Beverly asks, how can I talk my dad into letting me have a 175 gallon aquarium?
I don't know how big that is. I don't know how big that is. You know how when you're a kid,
you had like a gallon of water and you like poured it into the like a pool or a bathtub
and it was fucking nothing? Like I don't know how big 175 gallons is.
Can you guys, can we Google it? I don't want to do that.
I feel like that's important because you don't want to do that.
Okay. At Griffin's point, if I picture 175 gallon jugs of water, I would look at it and be like,
wow, that's a lot of water, right? But I do have a strong suspicion that if you show me
one container that could contain 175 gallons, I'd be like, that's not nearly as big as I thought
it would be. I'll tell you, boys. I'll tell you. 175 liquid gallons is 23.3941 cubic feet. Now,
how fucking big is that? I don't know how big that is. I don't know how big that is.
I just Googled it. It's 100%, 100% coffin-sized, exactly on the nose. This is coffin-sized.
Okay. And even auto-filled. As I typed it out, I googled, I typed 175 space G and it was like
Alan fish tank. So this is a big, well, it depends. I've seen bigger fish tanks at the aquarium.

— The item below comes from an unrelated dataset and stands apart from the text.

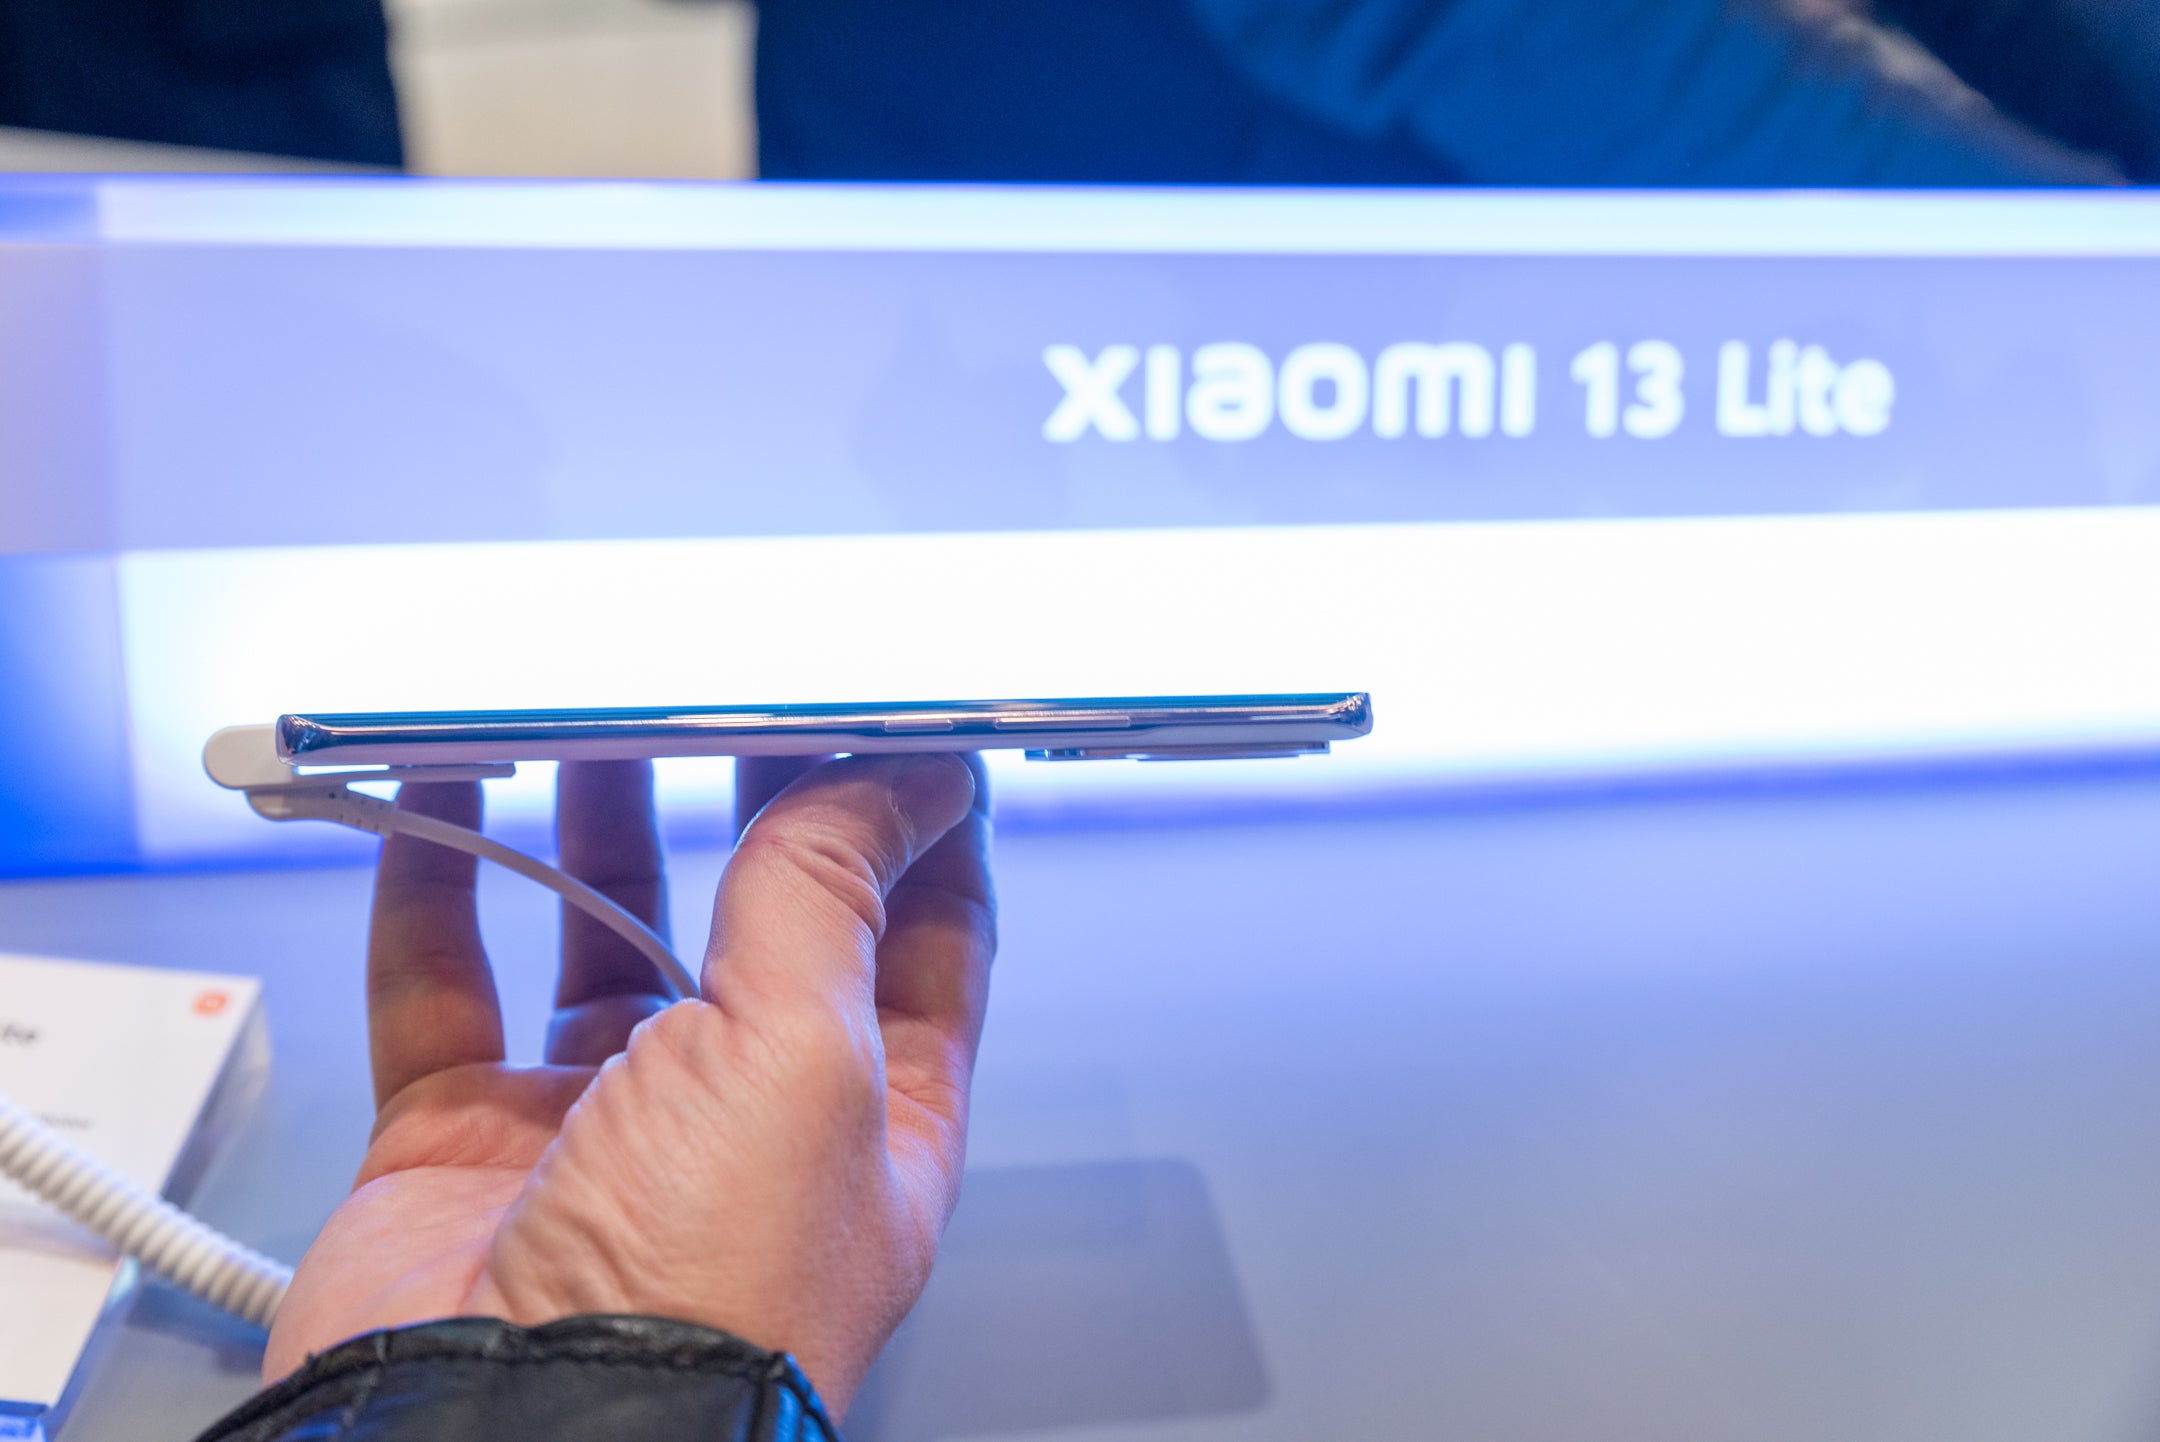 Xiaomi 13 Lite Hands-on: A worthy contender - PhoneArena

They have the one that's just like bigger than my freaking house, man. Not for home use, you
haven't. You have not seen one for home use that's bigger than this bad boy. I guess that's a pretty
big one. This feels like something that you would need to have at a restaurant so kids could look
at it while you waited for your chair. Or alternatively, we're trying to convince the dad,
right? We're trying to get daddy on board. So to get daddy on board, you can say,
yeah, it's a big fish tank, but we keep fresh seafood in there. And then you, every day,
can be like that one, every day, every day. I'll eat this one. Also, think, think of how versatile
it is. Yes, yes, you can put fish in it. Of course, yes, you could also perhaps put a reptile in
there. Maybe even an amphibian, but you could also store your clothes in it. You could keep all
your loose change in it. You could just buy a whole bunch of boxes of cereal and dump it all in
there with milk and have it be like a big cereal trough for a party. Oh, that's cool. You could
fill it up with mustard and a single flag and let double their kids rummage around in there.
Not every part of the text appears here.